Starting point is 01:03:00 They'll build a certain way. men or build a certain way. You know what I mean? Yeah. I think women should be allowed to vote because of equality under the law. I think it works, but with standards, you know, like the founding fathers envisioned. So if a woman can pass a test of, you know, what you're voting about, you know the policies, you know the laws, you know history, you know, basic facts about the same stuff that really, like, to become a citizen of the U.S., you have to pass a test knowing certain basic things. Even if all voters had to pass that test, I think the way that people voted would be very different.
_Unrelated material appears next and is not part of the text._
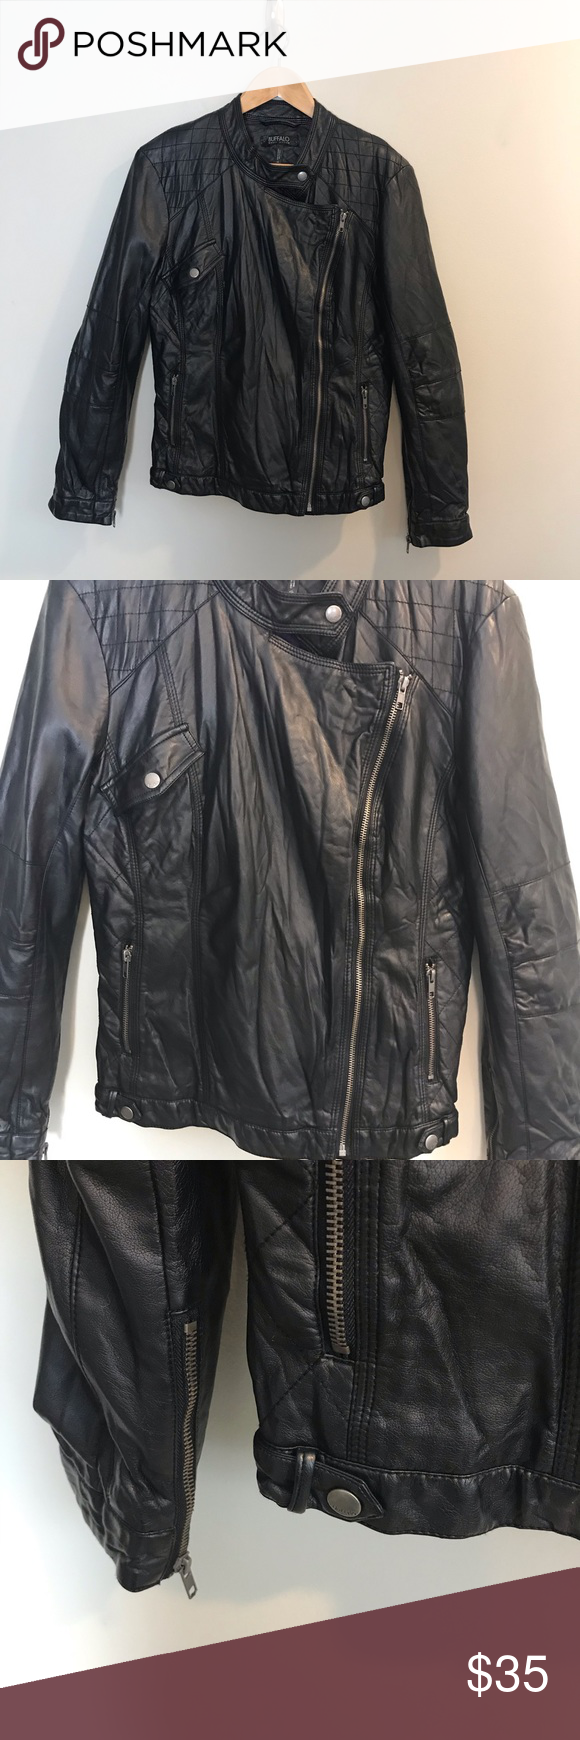 Buffalo David Bitton Black Motorcycle Jacket L Black Motorcycle Jacket Jackets Black Motorcycle

Starting point is 01:03:40 Yeah. My wife became a citizen, and that test was a joke. Well, that's true. But it's better than nothing. Yeah, it's better than nothing. But it's next to nothing. Yeah. Baby steps.
Starting point is 01:03:52 Then they came for American flex. She's all waving and shit. I was like, man, I ought to fail your ass. Yeah. Yeah. I think a lot of it's just education. You look at our school system, man. And they teach us, they bring us up to be stupid.
Starting point is 01:04:08 Because when you graduate high school, you don't know how to fix anything. You don't know how to fix your checkbook. Like you don't know a trade or anything. It's just they teach you the bad minimum. Half the people don't even know the Constitution exists or the capitals of every state. I mean, our school system is just like putured. And I can speak from experience because we originally from Virginia. I grew up in the school system out there, and then I went to military, spent some time in there.
Starting point is 01:04:35 I lived in Southern California. Kids went through that school system. When I came out here to Vegas, man, the Vegas school system sucks hard. There's some areas up by Green Valley and Henderson that the school system is really good. But other than that, man, you look at the ratings of some of these schools and you see the, like, my kids will bring home videos of what kids do in school. That's like, that's why I'm homeschooling my kids. Right. Well, if you have universal public education, common core, it's politicized. Right. Because it's in the interest of either political party in this case. It is the Democrats, because they're the ones who, for better or worse, took the initiative and got in and set the policy. Probably because they're more feminine in their inclinations overall. The left is more feminine. Women are concerned about children. Men don't spend a lot of time thinking about it.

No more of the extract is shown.